Suivant une recommandation adressée au Luxembourg par le Comité Européen du risque systémique en 2016, le Gouvernement luxembourgeois prépare un projet de Loi afin de réduire les risques bancaires liés au surendettement des ménages vis à vis de l’immobilier. En effet, dans un rapport datant novembre 2016, le CERS s’inquiète d’une certaine vulnérabilité́ de l’immobilier résidentiel au Luxembourg ainsi que dans 10 autres pays européens. La mission, qui a été confiée à la commission de surveillance du secteur financier (CSSF), fait déjà l’objet d’un débat en suscitant quelques inquiétudes, notamment au niveau de la Chambre de commerce et de l’Association des Banques et Banquiers. Ces deux institutions s’inquiètent, que la réduction des risques, synonyme d’accès plus contraignant aux prêts immobiliers (taux d’endettement des ménages abaissé et réduction de la période d’endettement), entrave le marché de l’immobilier, l’accès à la propriété et l’économie luxembourgeoise.

Si la Chambre de Commerce reconnait bien la réalité de l’endettement élevé des ménages, elle relativise son importance sur 3 points :

Le secteur bancaire luxembourgeois apparait extrêmement bien capitalisé en comparaison internationale, le cinquième rang au sein de l’Union européenne et nettement au-delà̀ de la moyenne de l’Union européenne (soit 16%).
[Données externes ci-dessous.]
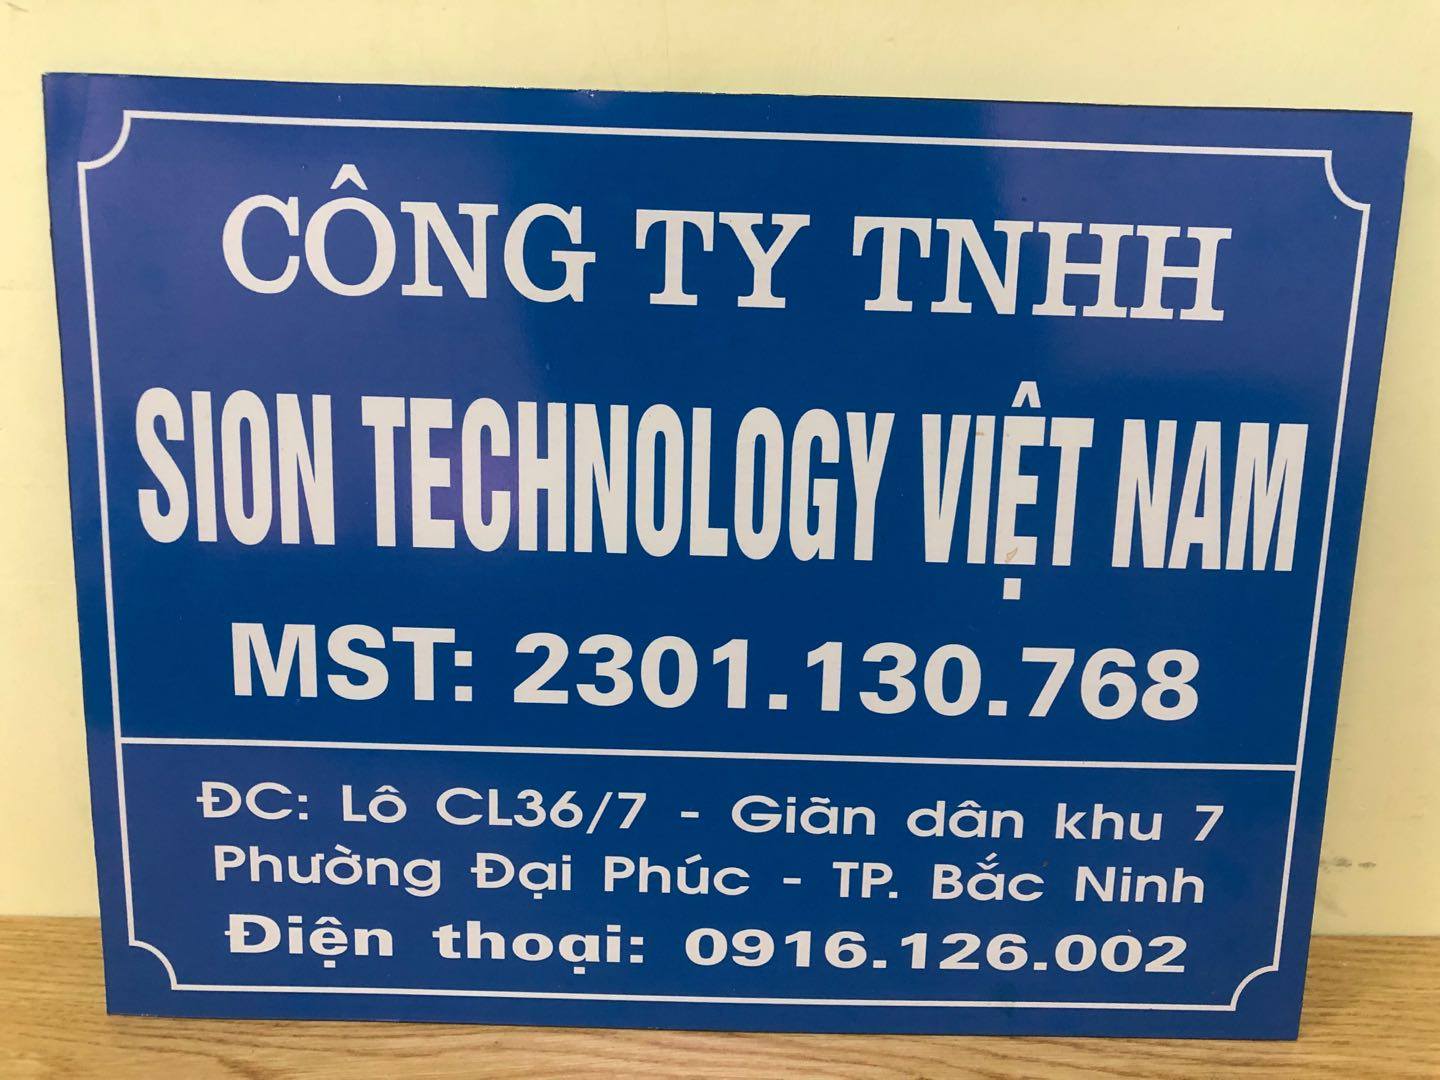 Công ty TNHH SION Technology Việt Nam

Le secteur bancaire luxembourgeois semble donc être tout à fait en mesure de faire face à des chocs économiques importants, qu’ils émanent ou non du marché immobilier.

2-  L’importance de l’augmentation de la dette des ménages est à relativiser compte tenu du fait que les actifs des ménages ont aussi augmenté.
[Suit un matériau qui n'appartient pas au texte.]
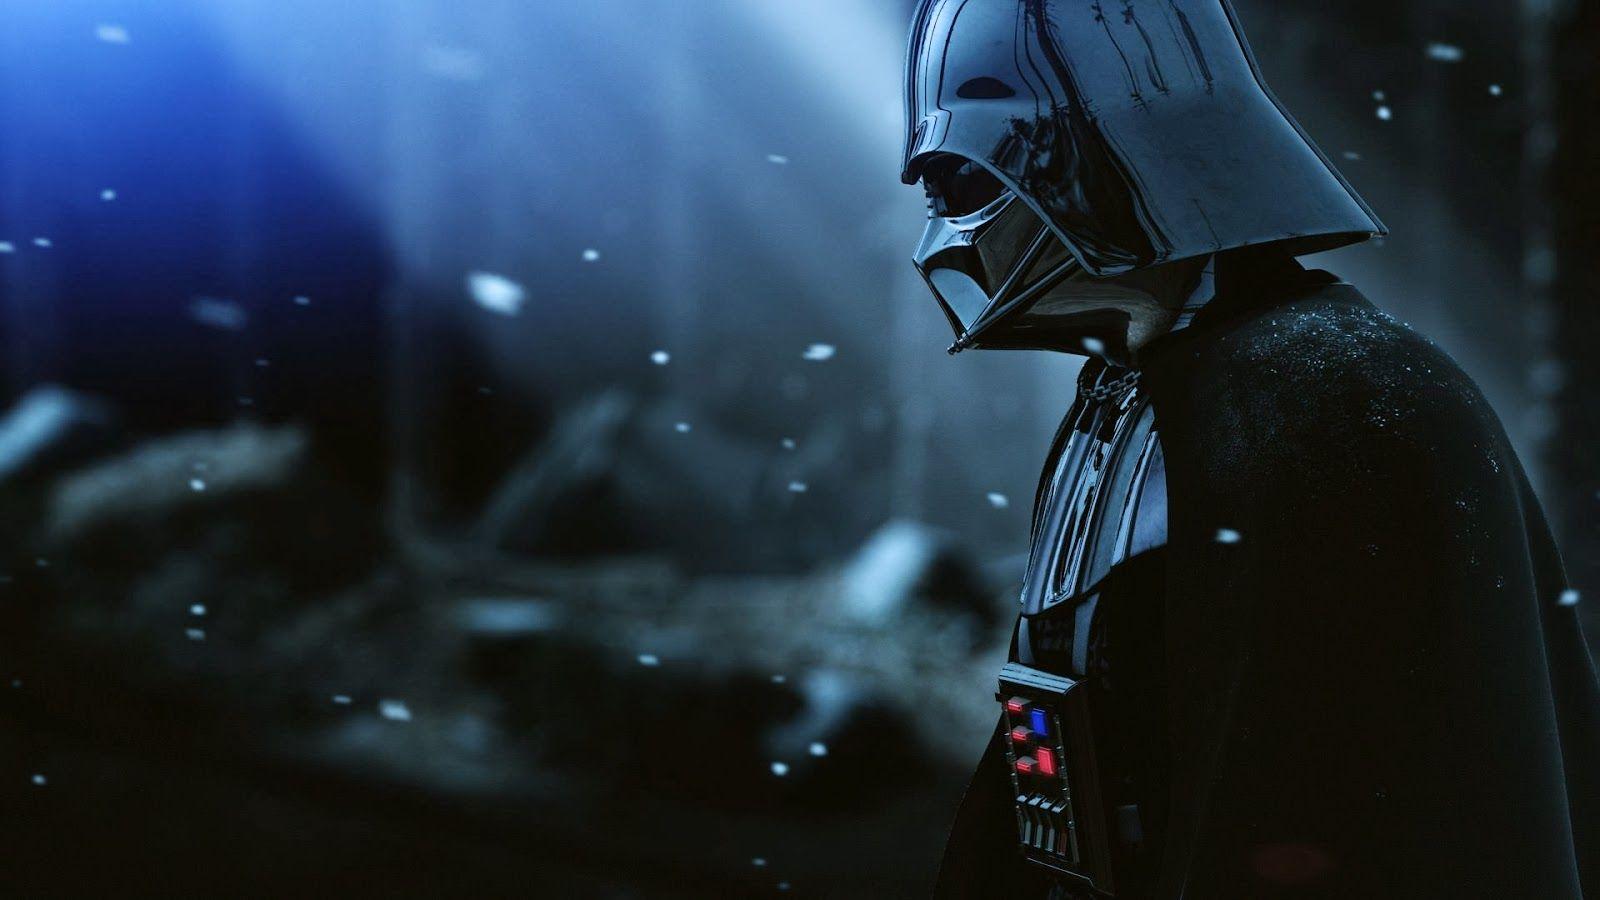 Star Wars: 8 wallpaper of Darth Vader

3-  Il ne s’agit pas d’une « bulle immobilière ». L’augmentation des prix de l’immobilier (+30% entre 2006 et 2016) est principalement liée au dynamisme de l’économie luxembourgeoise et d’une immigration nette particulière soutenue.
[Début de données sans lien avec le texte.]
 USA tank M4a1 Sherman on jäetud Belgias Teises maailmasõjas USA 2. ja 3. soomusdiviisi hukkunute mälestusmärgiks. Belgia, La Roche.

En conclusion, la Chambre de commerce, invite le Gouvernement luxembourgeois à faire preuve de prudence et d’analyse dans la mise en œuvre d’actions limitant l’accès au crédit immobilier ce qui aurait pour conséquence un impact négatif sur l’économie de Luxembourg.

Ce projet loi pourrait également créer un effet néfaste en permettant davantage à ceux qui en ont les moyens de concentrer un part plus important du marché de l’immobilier. Pour garder son dynamisme, le marché luxembourgeois de l’immobilier a besoin de que l’accès à la propriété soit ouvert au plus grand nombre.